Lying in the south of Gozo is the agricultural village of Sannat. Here elderly women still sit outside their homes to practise their traditional pastime of lacemaking, producing fine shawls, tablecloths and mats as well as bordered handkerchiefs. This village also boasts some old as well as modern beautifully carved stone balconies, visible as one winds their way around its narrow streets. The cliffs of Ta’ Cenc lie at a short distance from the village core. Here one can find a site of true geographical and archaeological beauty, with the Imramma Temple and the three limestone dolmens standing on the precipice. The unspoilt environment of Hanzira valley, which leads to the pebbly beach of Mgarr ix-Xini, also forms part of Sannat. The latter bay, which contains a submerged ferryboat wreck on its seabed, is also an extremely popular diving spot.

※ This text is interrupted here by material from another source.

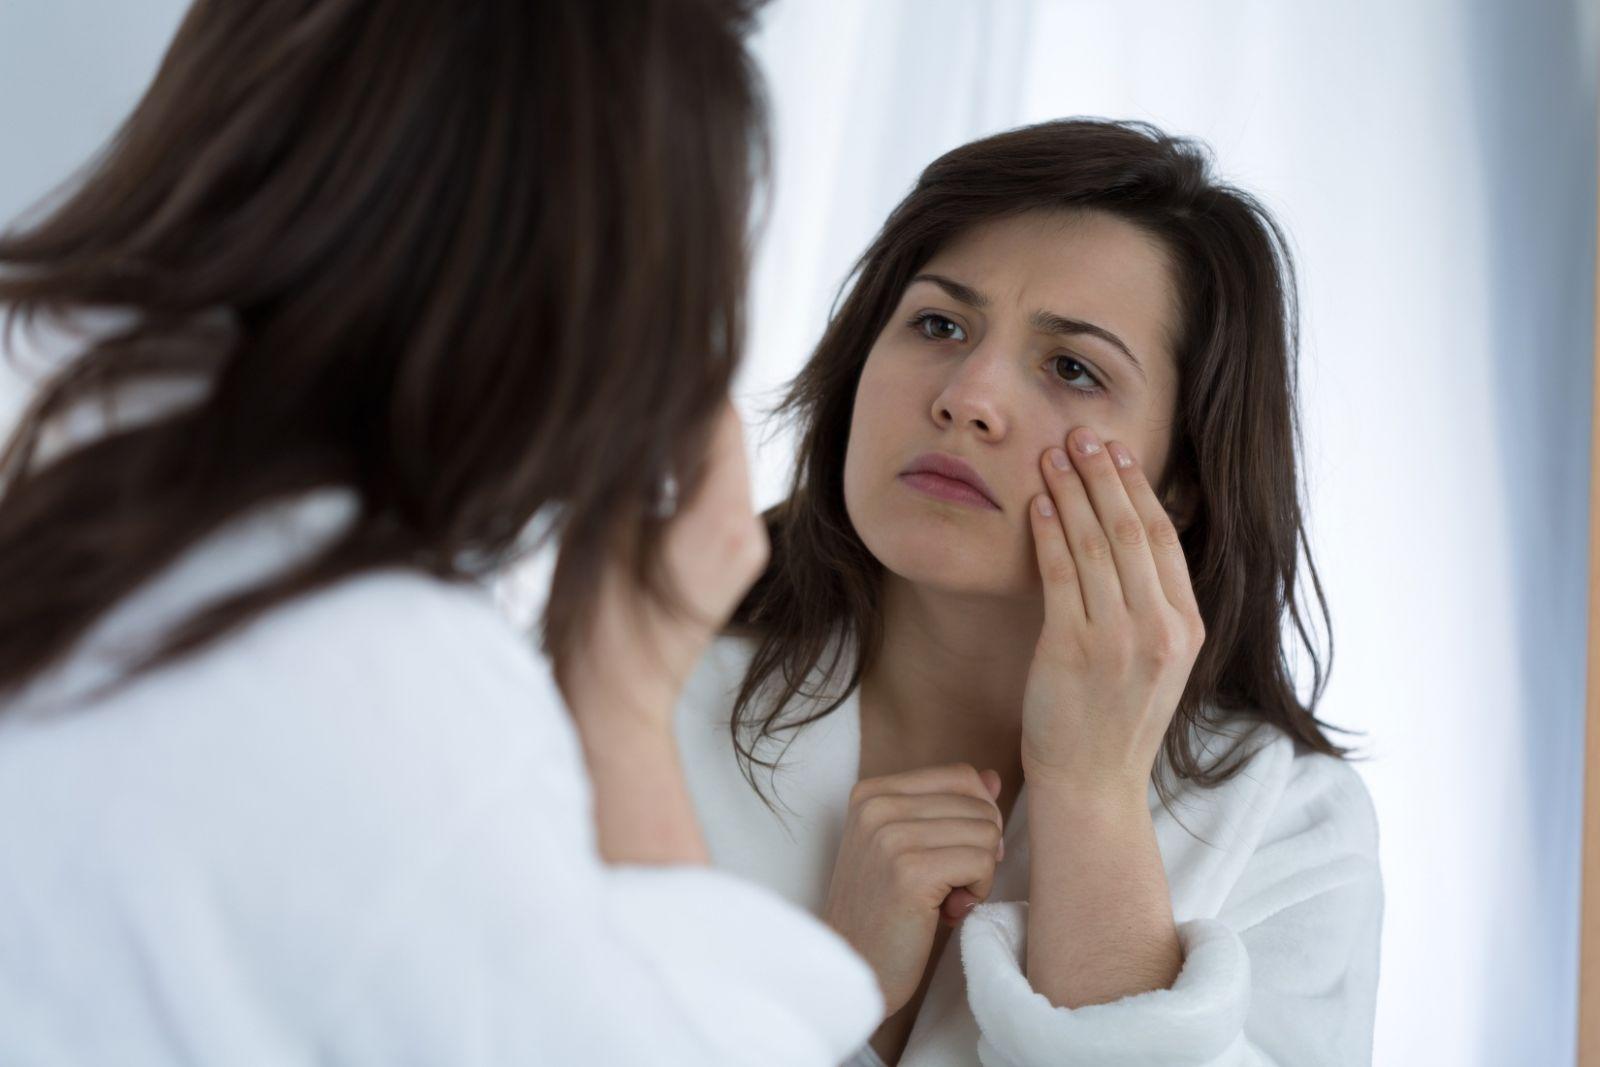 Tùy thuộc vào tình trạng mắt mà các bạn sẽ chọn phương án thực hiện phù hợp

Xaghra stands among the most historically rich villages of Gozo. The Neolithic temples of Ggantija, claimed to be the oldest freestanding archaeological structures, are found here. Lying on a plateau hilltop to the north east of the capital of Victoria, it offers views of Ramla Bay and Marsalforn among other picturesque locations such as the surrounding valleys. Among the other village attractions are the 18th century Ta’ Kola windmill and the Pomskizillious Museum of Toys, featuring an exhibition of antique collectible toys.

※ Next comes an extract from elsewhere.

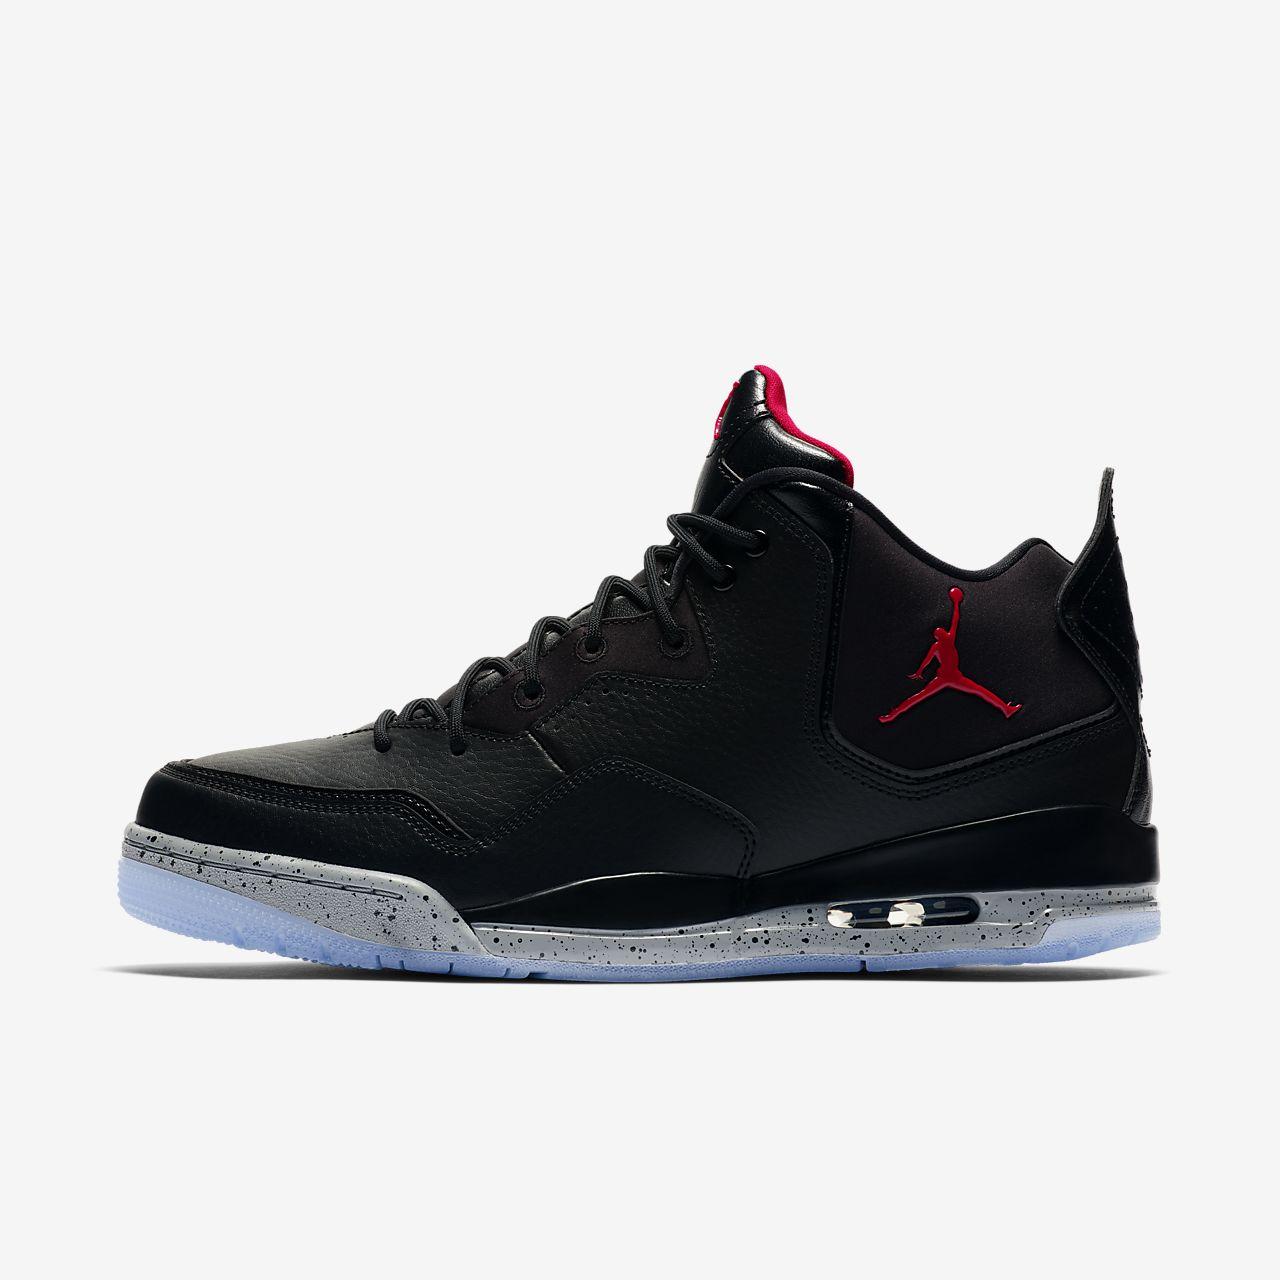 ec23d4c95d96 Jordan Courtside 23 Men s Shoe. Nike.com AU

The oldest Gozitan village of Xewkija lies between Mgarr Harbour and Victoria. Gozo’s strong Arab influence can be witnessed here thanks to the discovery of a 12th century inscription on a tombstone slab ascribed to a young girl called Majmuna, who had died and was buried in the area. The Majmuna Slab is permanently exhibited at the Museum of Archaeology in Victoria. Xewkija’s parish church is dedicated to St John the Baptist, and its dome – which permits an unrestricted panoramic view of Gozo – attracts visitors all year round. The fishing trade is still strong in Xewkija, with fishermen using traditional methods and constructing cane fish traps by hand. Among the strong points of this village are its beautiful landscapes adorned with old watch towers, with manifold possibilities of trekking and hiking routes, and the secluded inlet of Mgarr ix-Xini, which is accessed through Xewkija. The heliport is also situated at the village limits.


Zebbug is a small village situated close to Gharb and Marsalforn. It lies on a hilltop that majestically overlooks the coast to the north west of the island. Its place name literally translates as olives, a crop which used to grow profusely on the village slopes. Lace-making, among other traditions, is still very much alive here.